Less volatility and higher resilience in private credit
Private credit has demonstrated lower volatility and higher resilience compared to other credit markets, including publicly traded high yield and broadly syndicated loans. During the COVID-19 pandemic, private credit performed well, with lower default rates and more effective communication and collaboration between lenders and sponsors. The nature of the capital structure, lower leverage, stronger recourse to equity, and direct lender relationships have contributed to this resilience. Additionally, the private credit market has shown relative stability and consistency in yields, making it an attractive investment option.
The future outlook and considerations for private credit
Private credit is expected to continue expanding its market share in the credit industry. With the upcoming maturity wall in the syndicated market, there will likely be opportunities for private credit to refinance and provide financing solutions for borrowers. While increased regulation and scrutiny remain a possibility, private credit's lower leverage and more flexible structures offer inherent safety. The market's growth has been driven not only by regulatory changes but also by appealing features such as predictable cash flows, potential lack of correlation to other markets, and improved risk-adjusted returns.

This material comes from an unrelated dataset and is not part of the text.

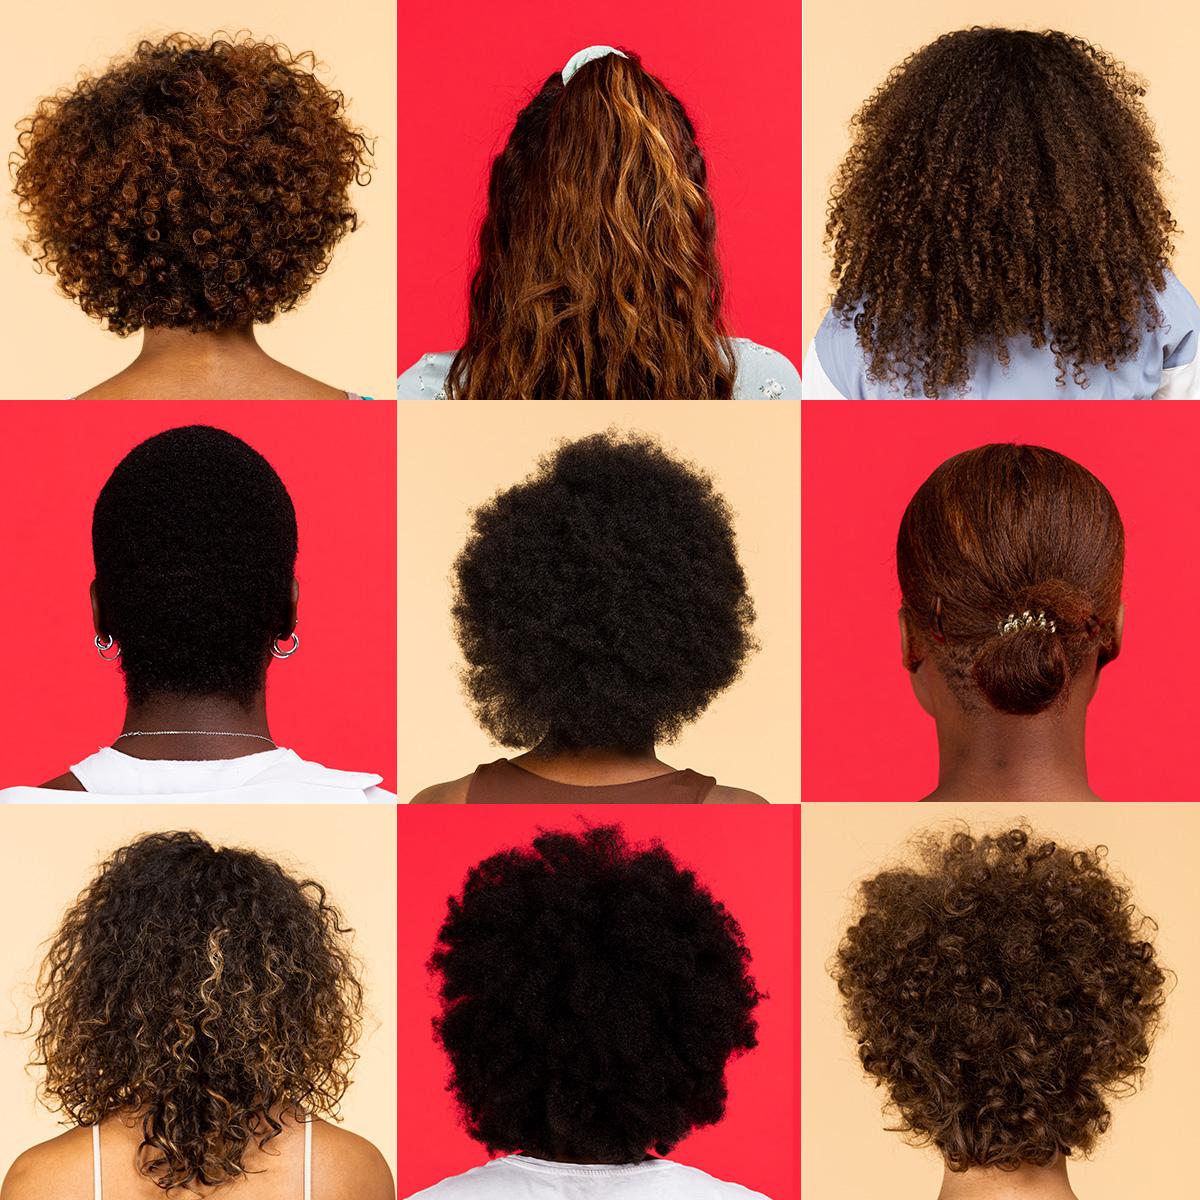 femmes de dos aux cheveux ondulés, bouclés et crépus

It's no secret that the market for private credit has boomed in recent years. The surprising thing is that it has continued to do so even as interest rates have surged, defying many people's expectation that this relatively new market would suffer once an era of "loose" money comes to an end. Instead, the market for private credit in the US now rivals the size of the market for publicly-traded, junk-rated corporate bonds. But what exactly is private credit? How does it differ from broadly-syndicated stuff like leverage loans and corporate debt? How susceptible is it to higher rates? What is driving continued interest in this asset class? And what could cause it to wobble? On this episode we speak with Laura Holson of New Mountain Capital — where she manages about $9 billion across various private credit investments — about how the industry works.